FIG. 13 illustrates a further embodiment of a power meter 150 which is associated with a first supply conductor 152 which extends between a first supply node S1 and a first load node L1. A second supply conductor 152 extends between a second supply node S2 and a second load node L2. The second conductor, which can be a live conductor, is a single phase supply, but the teachings herein are extendable to, for example, three phase supplies.
A current transformer 160 has a coil that is coupled to the second supply conductor 164 and also to an excitation current generated by a phase error measurement circuit 170. The current at the output of the current transformer is converted into a voltage by a load resistor 172 and the voltage across the resistor 122 is digitized by an analog-to-digital converter 174. The output of the analog-to-digital converter 174 is a stream of samples Is, where S is an index and S varies as a function of time.
A potential divider formed by a resistor 182 and 184 extends between the conductors 152 and 154 so that the voltage between the conductors is measured. Typically, resistor 184 is much smaller than resistor 182. The voltage across resistor 184 is digitized by an analog-to-digital converter 184. It is assumed that the transfer functions at the potential divider are known, but the teachings of WO2014 / 072733 can be used to determine the transfer function and are hereby incorporated by reference. Likewise, the transfer characteristic of the current transformer can be assumed to be known, but if it needs to be determined then the reader is referred to the teaching of WO2013 / 038176, the teachings of which are incorporated by reference.

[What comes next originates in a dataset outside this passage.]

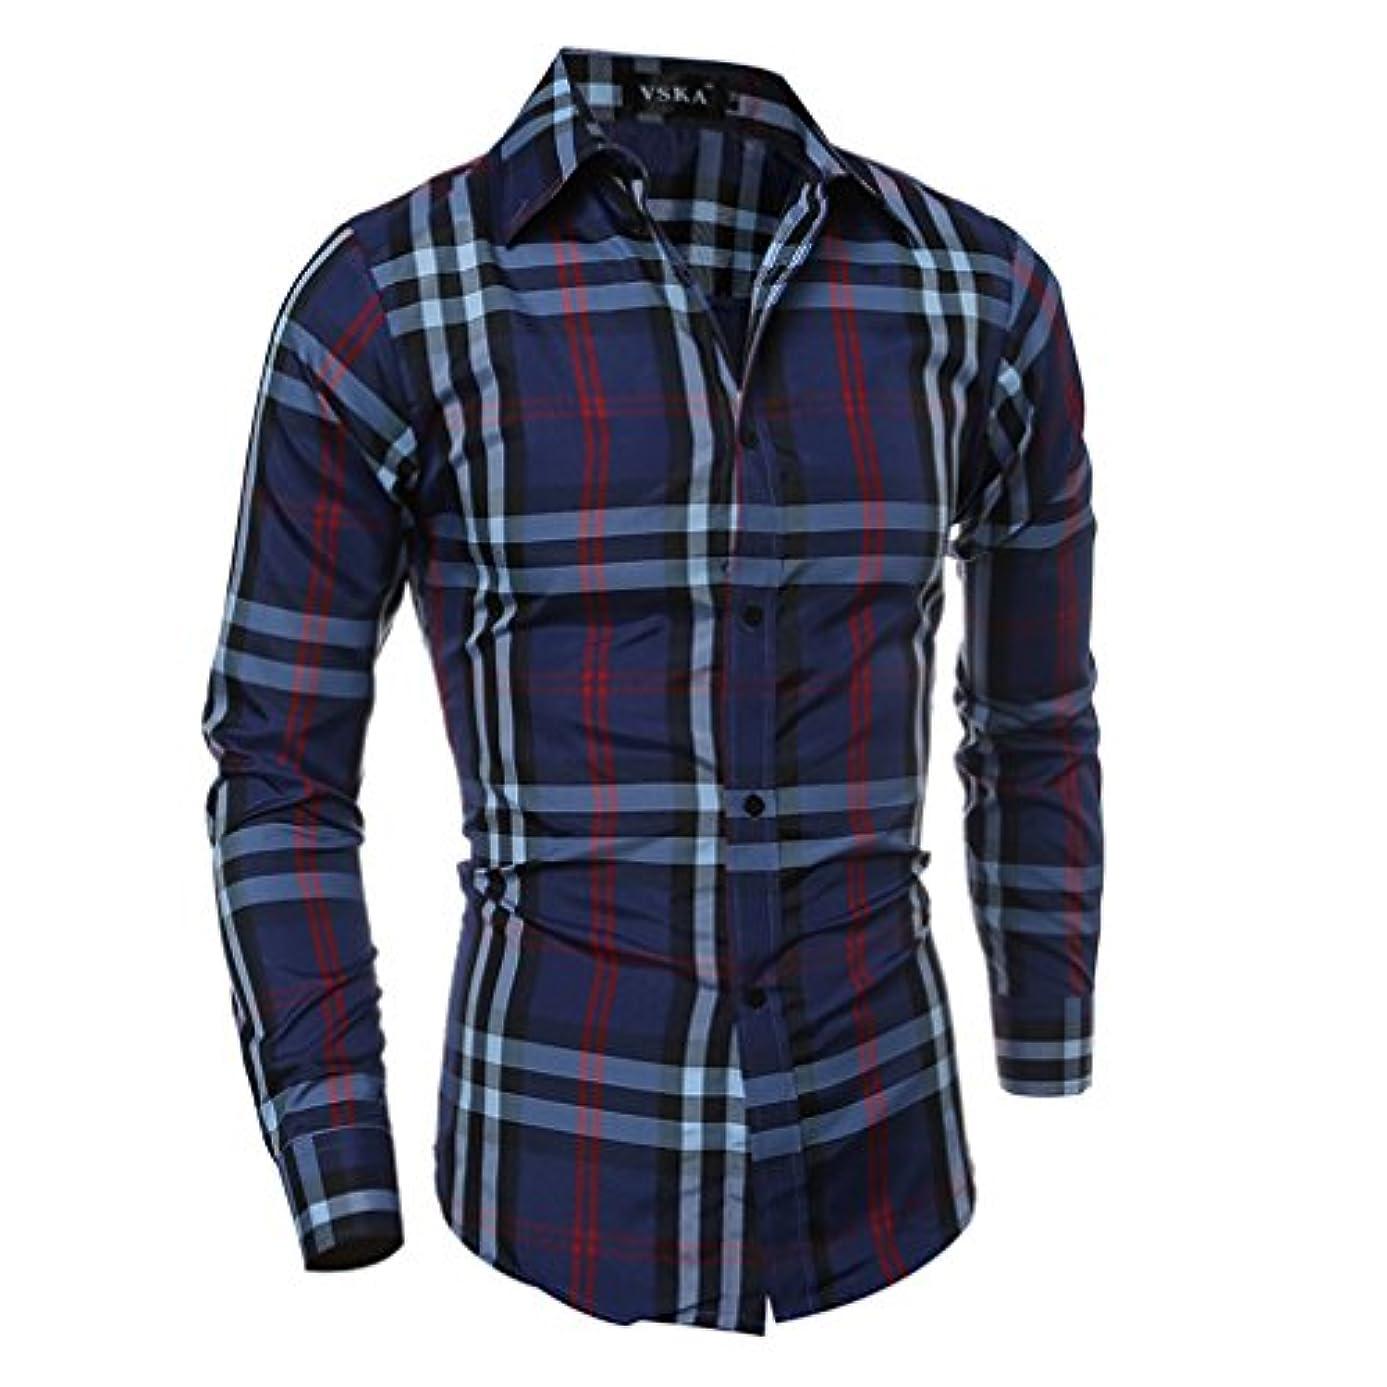 誰かセンブランスベンチHonghu メンズ シャツ 長袖  カジュアル スリム チェック柄 ライトブルー L 1PC

The outputs of analog-to-digital converter 184 are a series of samples Vs. Assuming that the current samples and voltage samples relate to substantially the same point in time (ie, the time separation between them is zero or very small in comparison to the period of the mains waveform), then the power drawn by the load can be represented as follows:
A processor 190 receives the samples Is and Vs and can process them in order, among other things, to calculate the power consumed and to keep a sum of the energy consumed. The processor can also review the series of scans to provide other services, such as troubleshooting, excessive loads, evidence of the tampering, and so on, that might be of interest to a utility. The processor can output the result of its calculations by means of a user interface 192, for example in the form of a display and / or by means of wireless or wired data connections 194 and 196.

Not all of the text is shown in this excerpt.